I attended a private university for the Fall 2010 year as an incoming freshman. On Halloween I had an emergency medical surgery, due to multiple complications I was unable to attend classes. Of the 5 classes I was in, I only received credit for 2 of them. Tuition was $10,800 for the semester. Is there any way to take action in order to get some of the tuition back?

Asked on February 17, 2011 under Business Law, Washington


SJZ, Member, New York Bar / FreeAdvice Contributing Attorney

Answered 11 years ago | Contributor

Possibly. First, note that if the agreements you have with the school--i.e. the terms under which you attend and take classes--specifically say that it is the student's responsibity (or risk) to attend classes and that if the student does not, he or she does not receive credits or a refund--that term will be upheld: a person can contract to not have recourse or the rights to a refund.
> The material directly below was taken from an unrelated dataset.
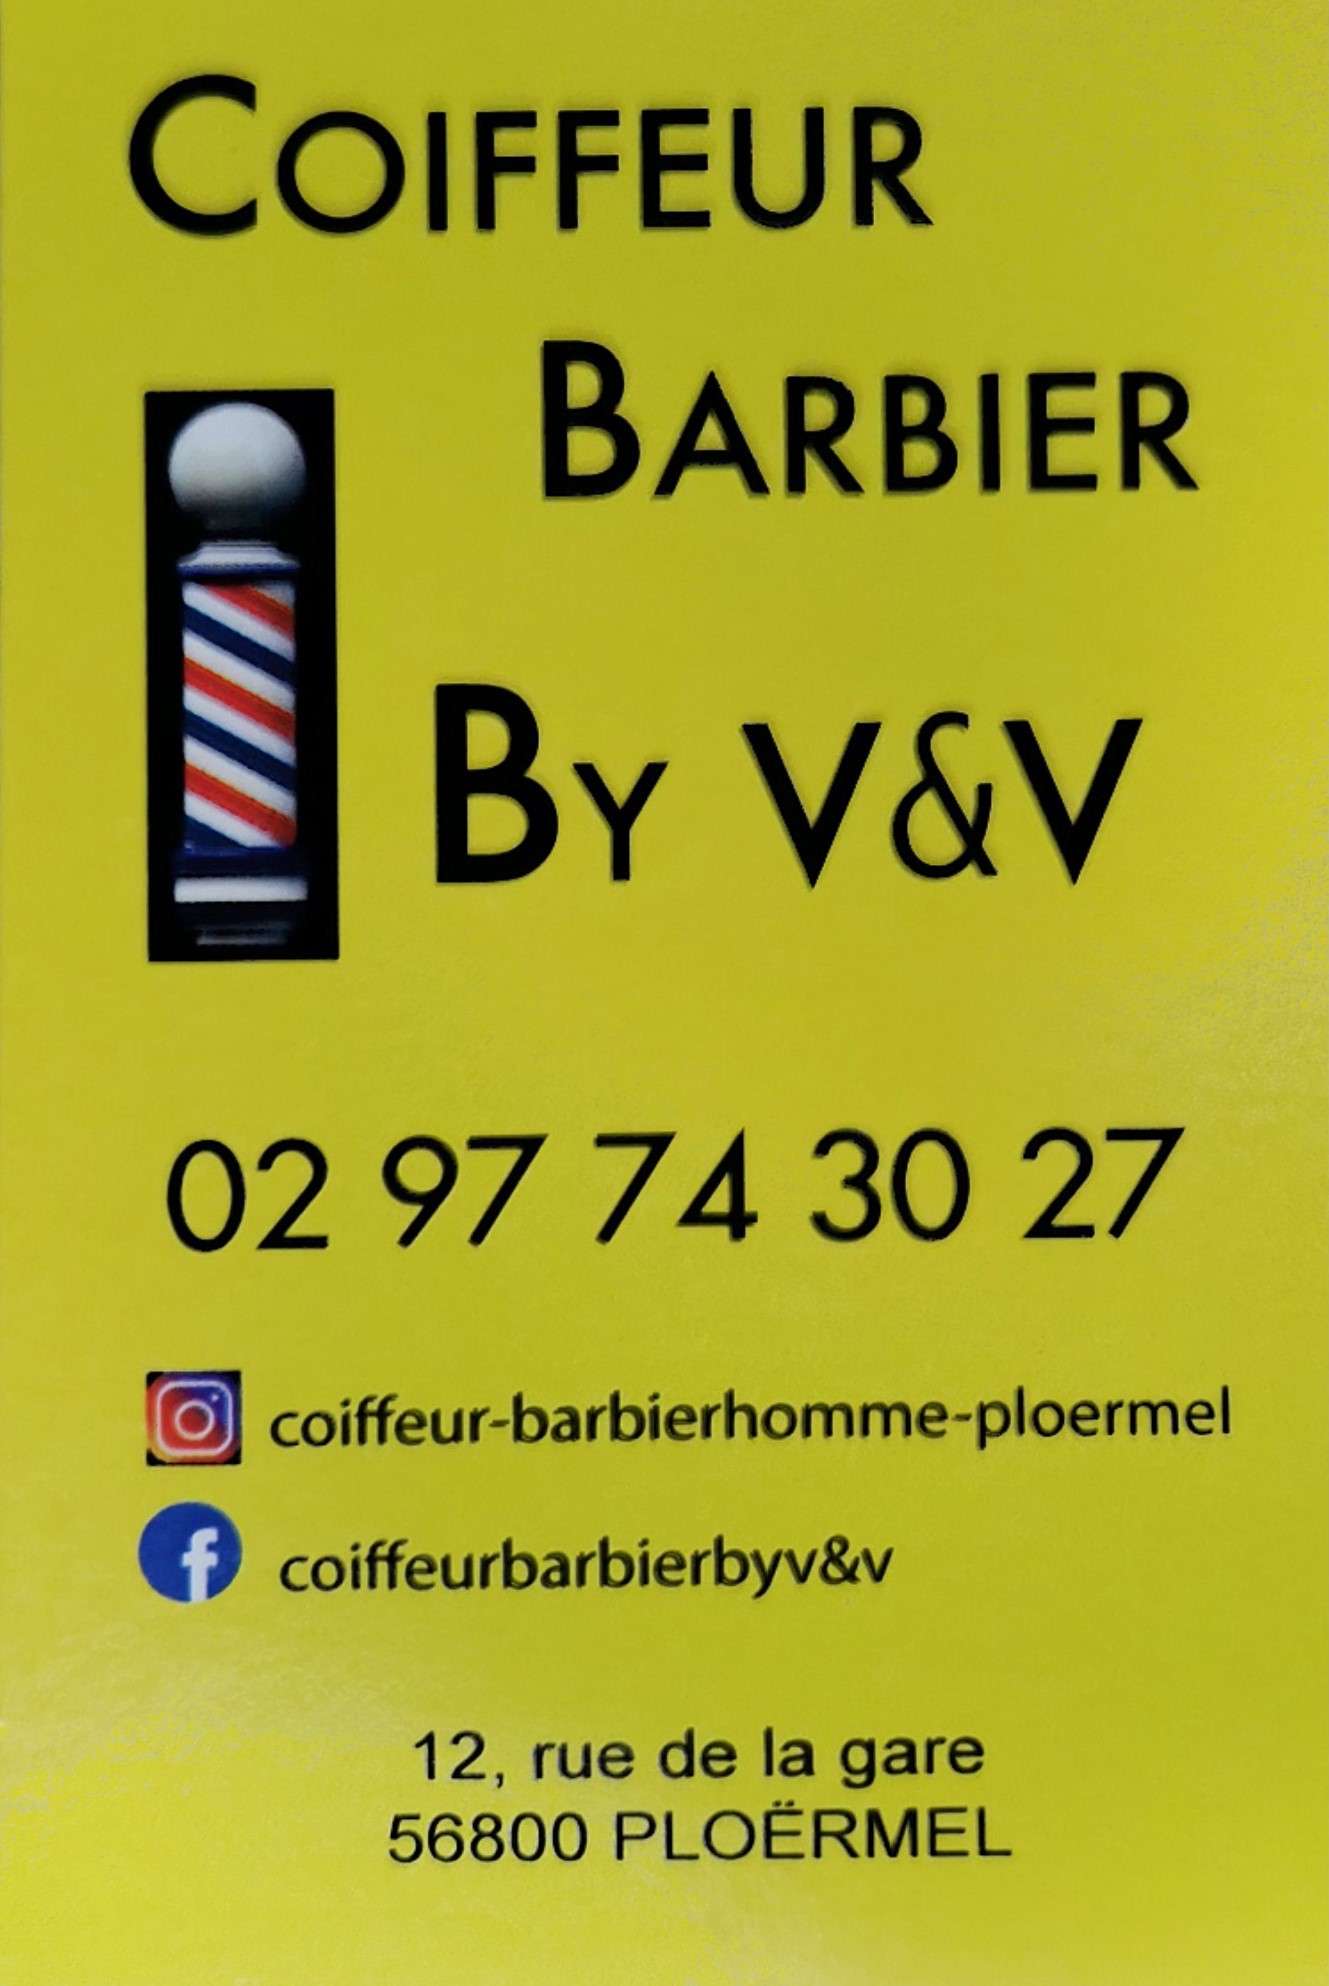 Coiffeur Barbier by V&V

If there is no such term, then you *might* have grounds to receive compensation or a return of your money based on the doctrine of impossibility: people are sometimes not held to their contracts if some event beyond their control comes up and makes it objectively impossible to carry on. In this case, the argument would be that since it became impossible for you to attend, the school can't charge you for the classes--though obviously, if offered any reasonable compensation or recourse (such as a partial credit, free tuition for the next semester, etc.) you should think hard about accepting it rather than trying to fight to win it all back.